Линде положил трубку и посмотрел на телефон обиженно и с отвращением. К его изумлению, вскоре на него снизошел какой-то странный покой. Если мир таков — Брунс и Джереми, директор гимназии и мальчик по вызову, в пять утра заняты тем, что трут друг другу спинки и что-то там еще, — если за закрытыми дверями его начальника и старого знакомого творится такое, то ему не остается ничего другого, кроме как, по крайней мере в данный момент, в некоторой степени примириться с самим собой. Устроить это жалкое, унизительное свидание с продажным сексом, да еще и бесстыдно о нем говорить, такое ему никогда не пришло бы в голову и вообще было за пределами его фантазии. Да, вероятно, это его больше всего и возмутило: что Брунс так запросто посвятил его в свои гнусности.

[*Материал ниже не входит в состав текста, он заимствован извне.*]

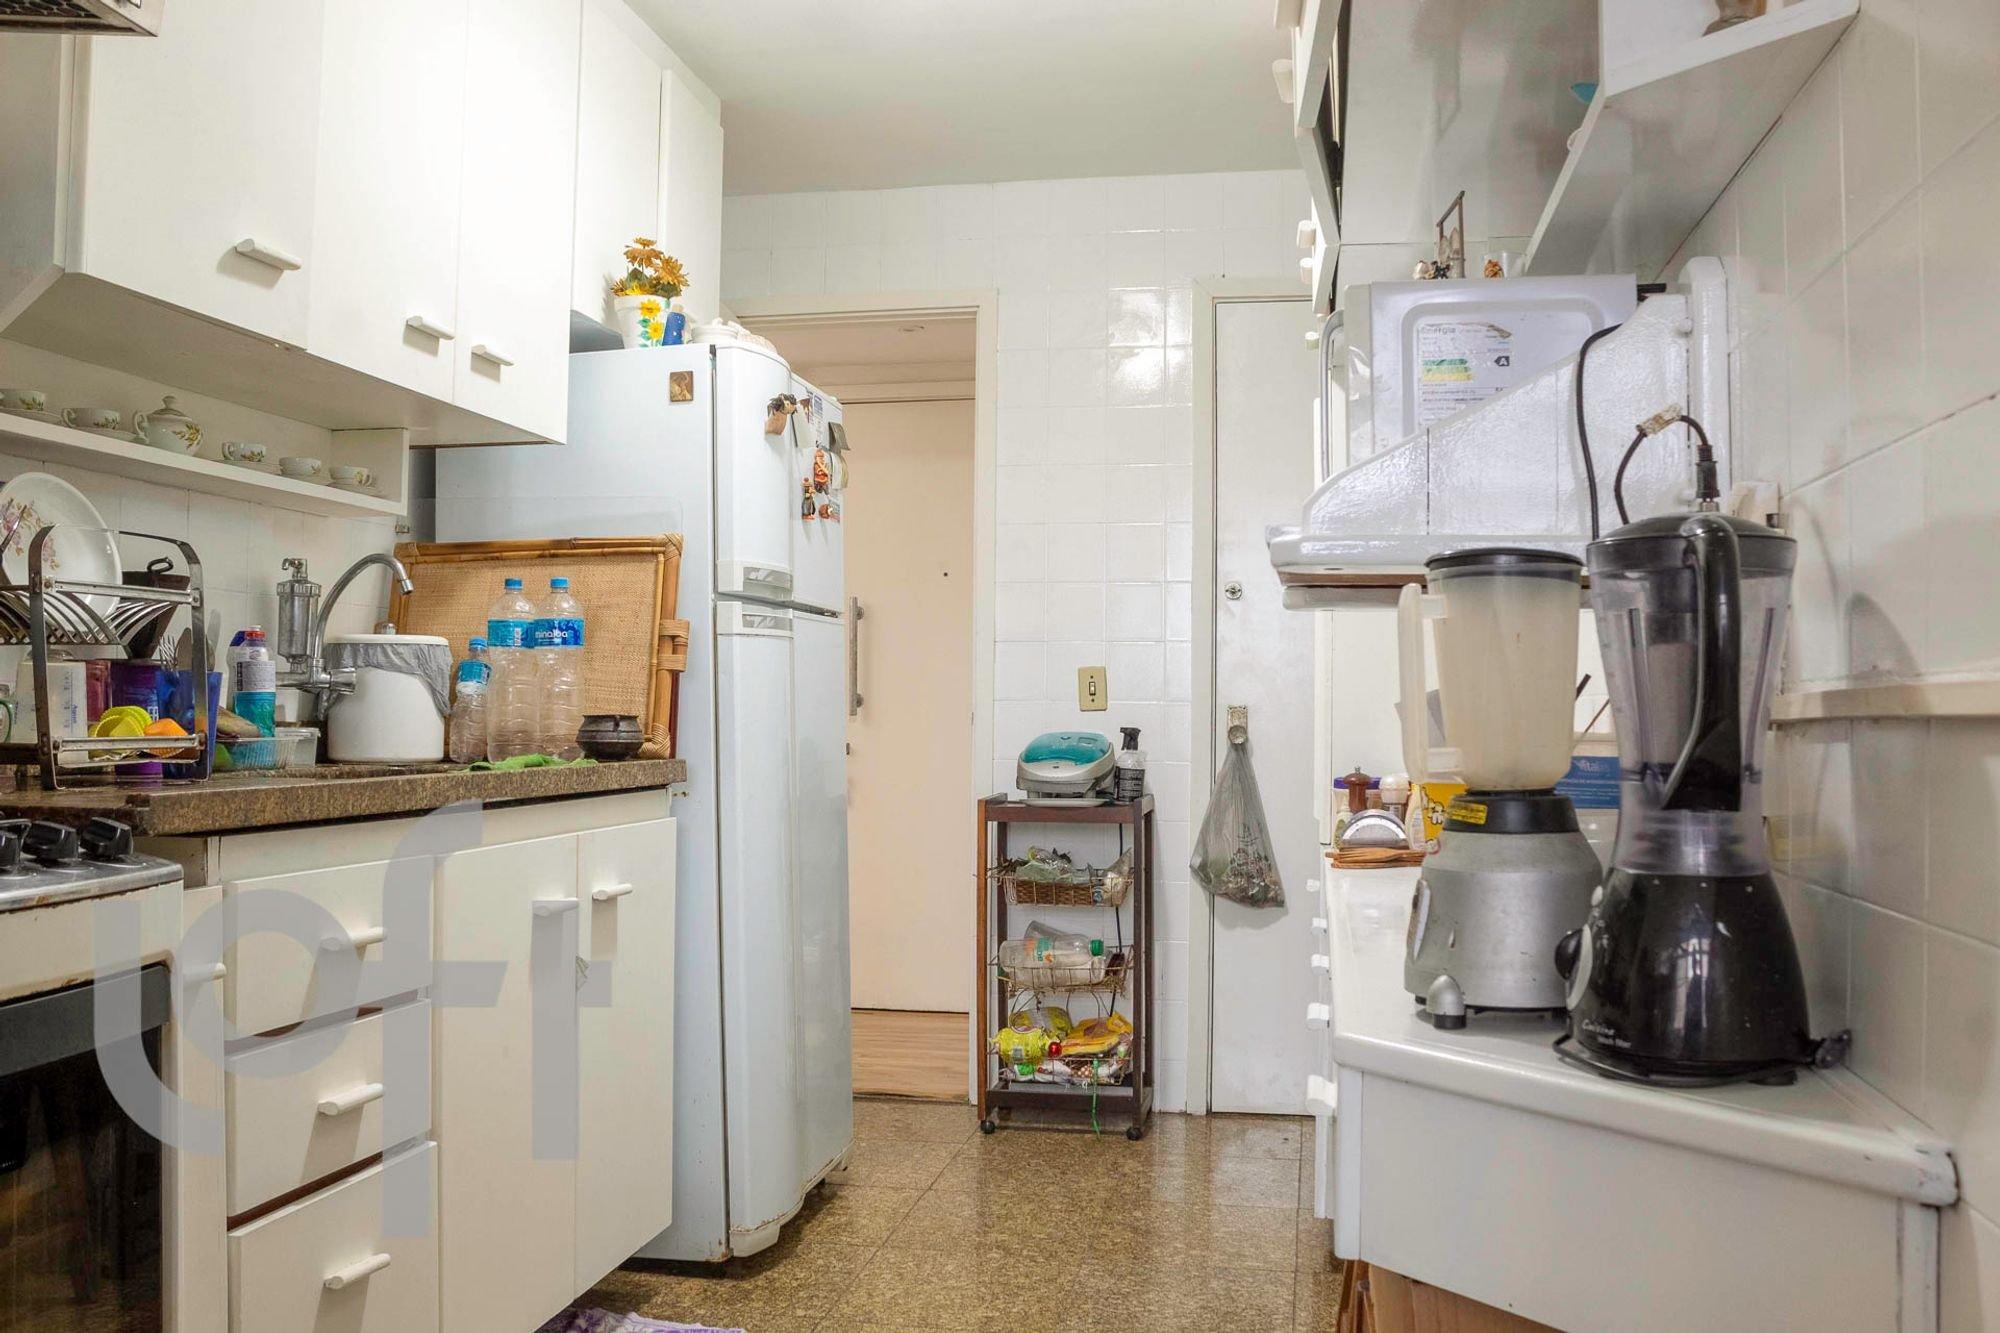 Foto de Varanda com tigela, geladeira, garrafa
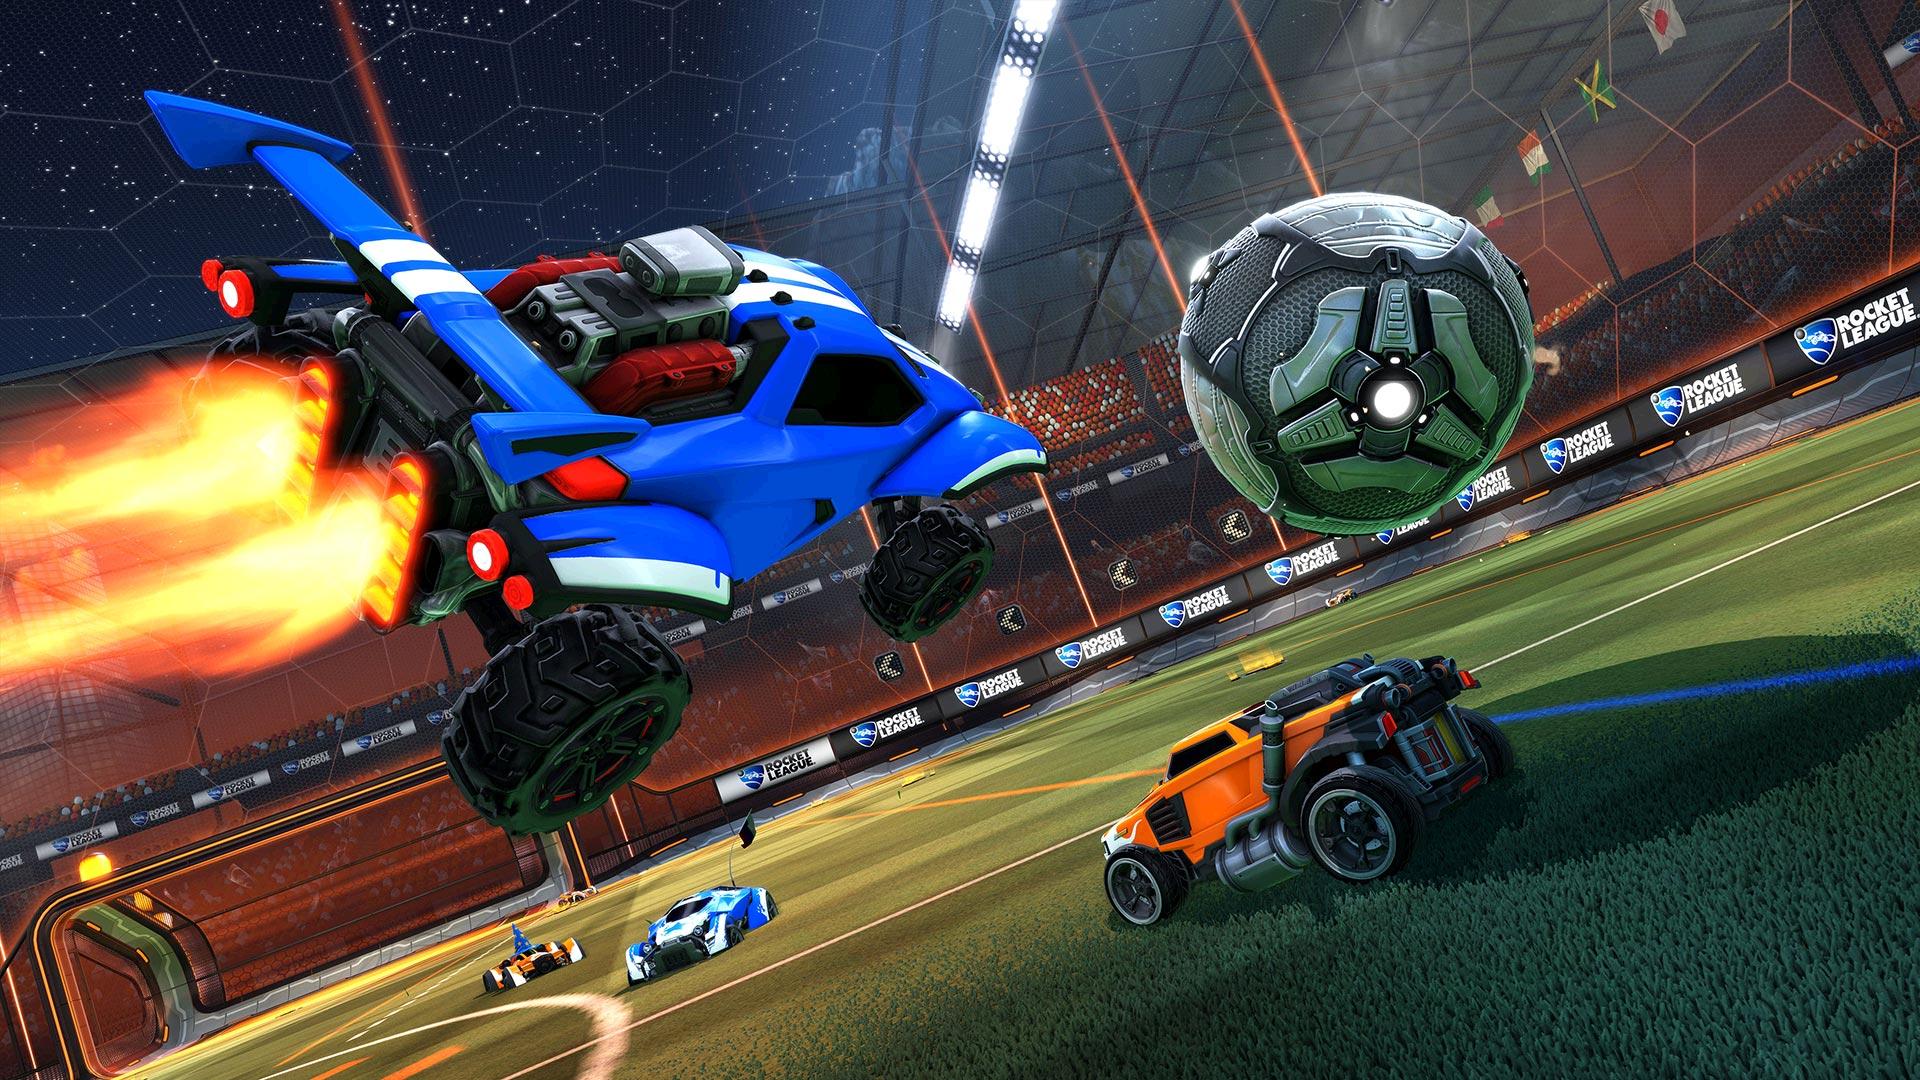 rocket-league-image.jpg

А Пабло между тем лежал на больничной койке в коме…
Когда рюмка опустела, Линде налил себе еще, а когда небо у горизонта начало окрашиваться в голубой цвет, он допил бутылку до дна. Он с трудом поднялся, выключил свет и, не раздеваясь, повалился на кровать. Вокруг него все было серым и туманным, а когда он закрывал глаза, голова кружилась. Милый Боженька, подумал он, сделай что-нибудь. И впервые со времени своего детства произнес молитву, которой научил его отец. Теперь она помогла ему уснуть.